As you may be aware, the market was shaken by recent events surrounding Stream Finance and its yield strategy xUSD, which announced a $93 million loss last week and subsequently halted all withdrawals. Among other things, this event had an immediate and severe domino effect on Elixir, which had significant exposure to Stream. The loss of this backing caused Elixir’s deUSD stablecoin to de-peg and collapse, evaporating liquidity across the ecosystem and preventing withdrawals on underlying Morpho vaults, impacting a number of players in the space.

Our vaults had zero direct exposure to xUSD, nor did we have exposure to any Morpho markets where xUSD was used as collateral. The primary knock-on effect we have been monitoring is with Elixir’s deUSD, as Elixir (the entity) has lending exposure to Stream. Due to the uncertainty surrounding Elixir’s exposure to Stream, the sdeUSD market on Morpho became illiquid, with all supply being borrowed. The Avantgarde USDC Morpho vault had a ~2% position, allocated to lending USDC to the sdeUSD market on Morpho. Due to our internal risk management framework and portfolio constraints at each allocation layer, the lookthrough exposure to the affected Morpho market was limited to ~1% in the DeFi Yield Vault where the DAO is invested.

To prevent the position from growing as it accrues an exponential amount of interest and protect against further impact, we redeemed the liquid ~98% of the vault’s assets from this specific Morpho vault to segregate the funds while leaving the distressed 2% exposure to the sdeUSD market contained within the Morpho vault contract. That 98% liquid component has been moved to Aave as a temporary, defensive measure where they are currently earning a safe baseline yield, pending redeployment into the new, upgraded Morpho v2 vaults which we had already been in the process of building a migration plan for.

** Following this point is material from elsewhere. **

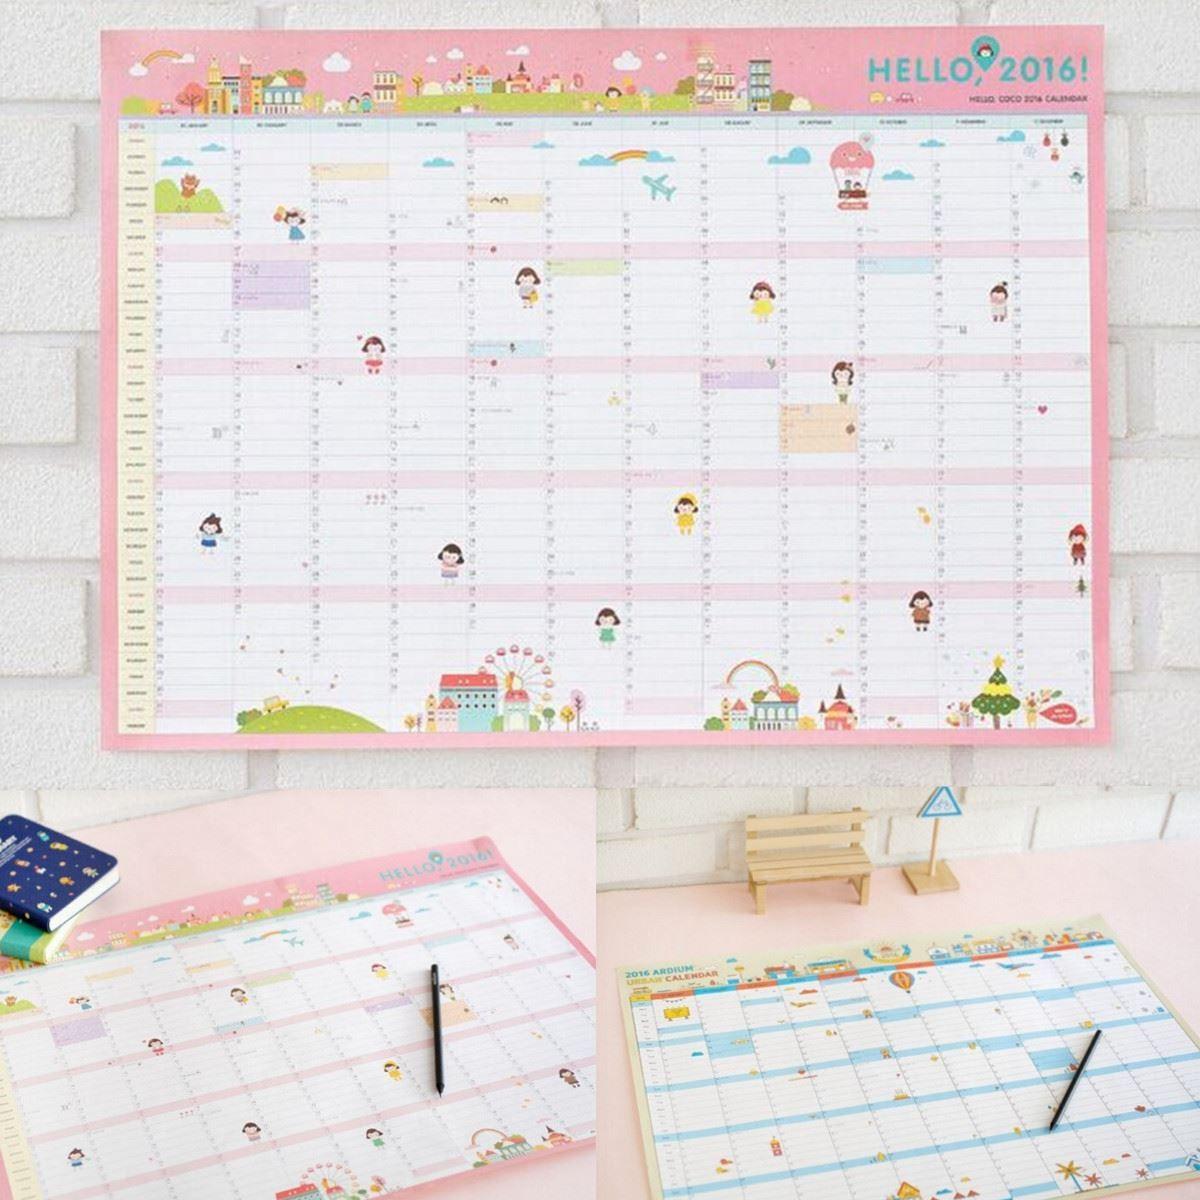 Hanging Planner Calendar : New wall monthly planner calendar paper work study

Segregating the funds ensures that all future on-chain accounting for the main, healthy portion of the vault is accurate and, importantly, enables the DAO to retain their full claim on any potential recovery value from the isolated 2% position. The resolution of the sdeUSD position remains unclear. If the loan is repaid (the 2% exposure), there is potential upside as Stream’s debt grows (currently accruing a yield north of 200% APR), though this recovery remains highly uncertain.

We will continue to monitor the situation and will update the DAO if any recovery becomes possible. Thank you for your continued trust in us, we are proud to be serving the Gitcoin community.